Essas poucas frases já nos dão uma idéia da importância que Steiner atribuia ao papel da
Sociedade Antroposófica para a sobrevivência do impulso da Antroposofia. Ao mesmo
tempo cabe confessar o quanto ainda nos encontramos no primeiro início desse caminho…!

2- Liberdade e publicidade

O parágrafo quarto (4) desses Estatutos diz o seguinte: “A Sociedade Antroposófica não é
uma sociedade secreta mas, sim, perfeitamente pública. Pode tornar-se membro toda
pessoa, sem distinção de nação, posição, religião, convicção científica ou artística, que
considere justificada a existência de uma instituição tal como o Goetheanum em Dornach
como Escola Superior Livre de Ciências Espirituais.”
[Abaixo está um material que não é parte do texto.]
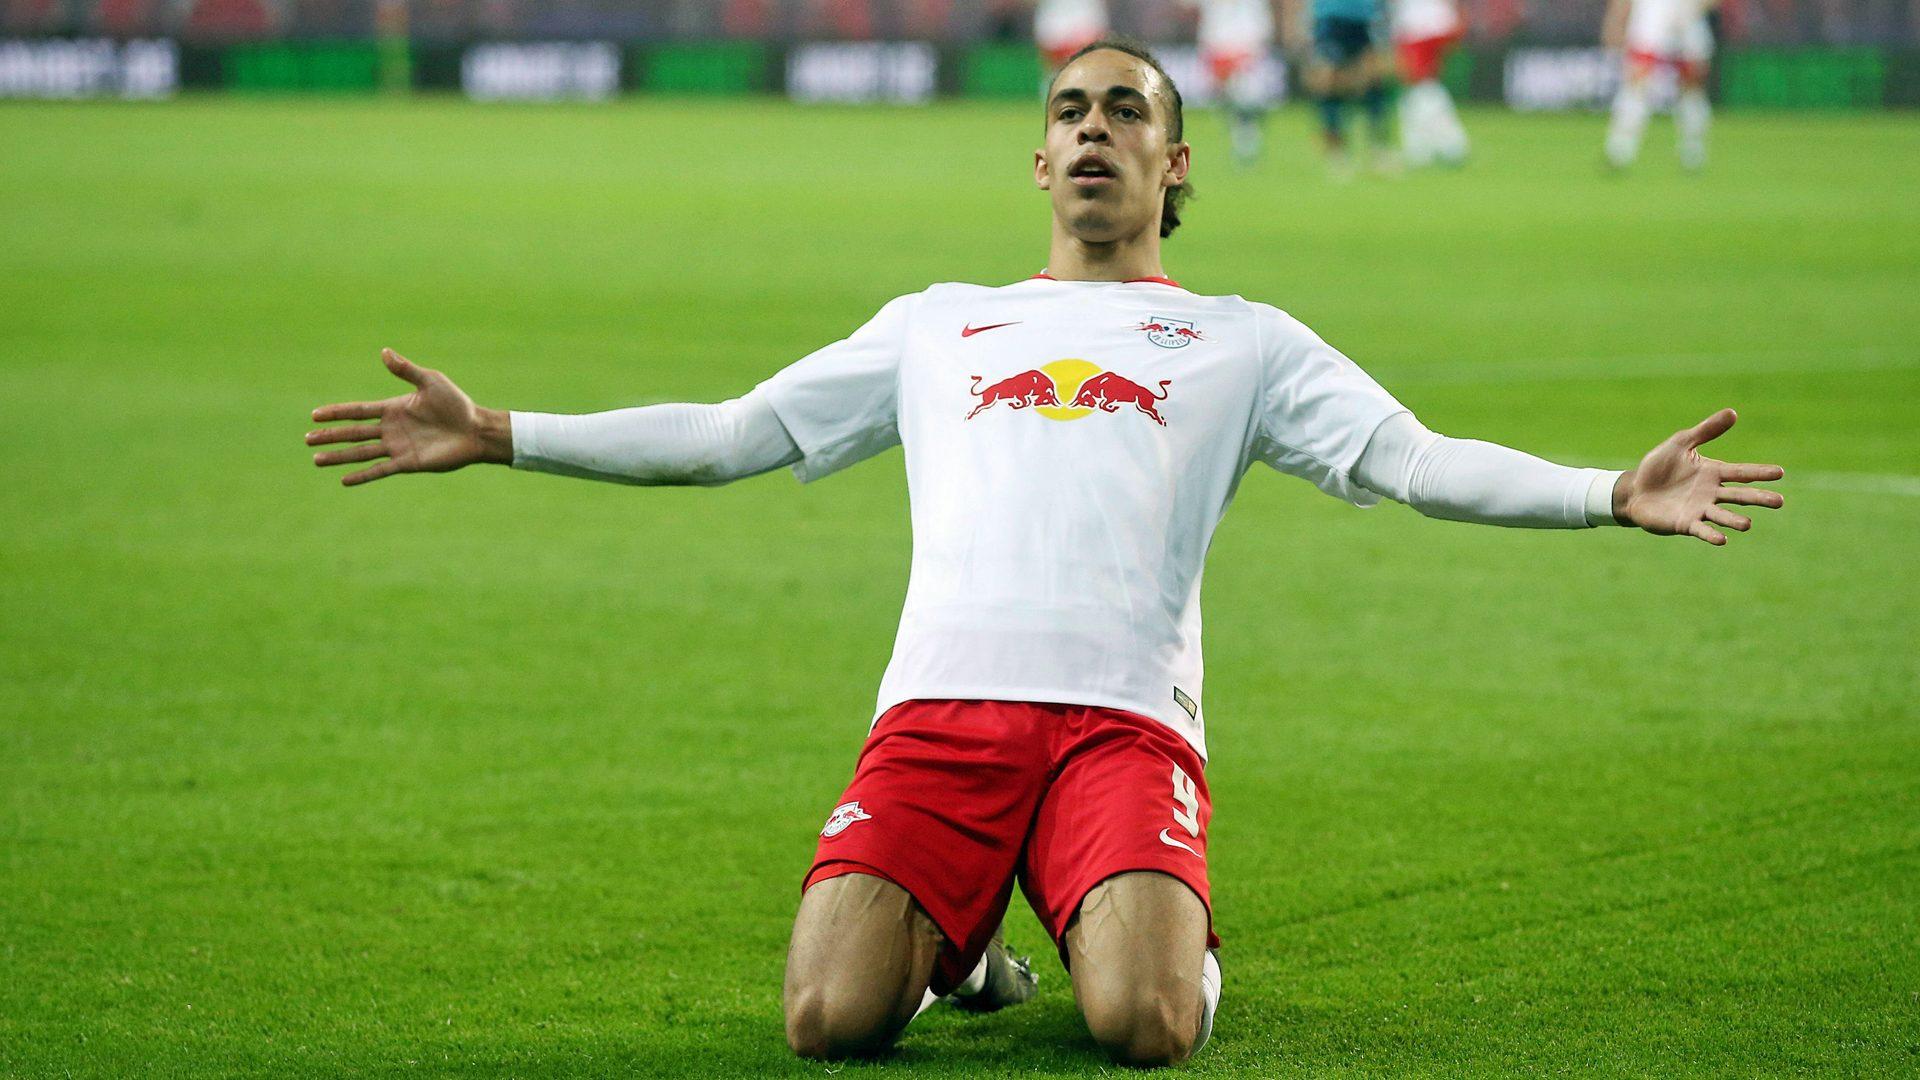 Bundesliga | Is RB Leipzig's Yussuf Poulsen the Bundesliga's most underrated player?

Nestas poucas linhas já está contida, inclusive, a única exigência feita para que alguém
possa ser aceito como membro da Sociedade Antroposófica. Não há nem mesmo uma única
prescrição de comportamento ou exigência de profissão de fé ou lista de regras a seguir
como é comum hoje em dia. Mas repare-se ainda no detalhe da formulação do autor da
Filosofia da Liberdade (uma das principais obras de Steiner). Observe-se que não se espera
do interessado nem mesmo que ele concorde com o que é feito nessa sociedade. Ao tornar-
se membro ele apenas declara que “…considera justificada a existência de uma instituição
tal como o Goetheanum”. Ou seja, ele não precisa nem concordar, por exemplo, com as
ações dos seus dirigentes ou demais membros.

Essa forma de detalhar um pequeno trecho de um dos parágrafos dos Estatutos de uma
sociedade fundada há quase cem anos, pode parecer preciosismo inócuo. Por todas as
declarações de Steiner durante e após a fundação da sociedade, no entanto, percebe-se que
ele próprio deu grande importância a esses (aparentes) detalhes.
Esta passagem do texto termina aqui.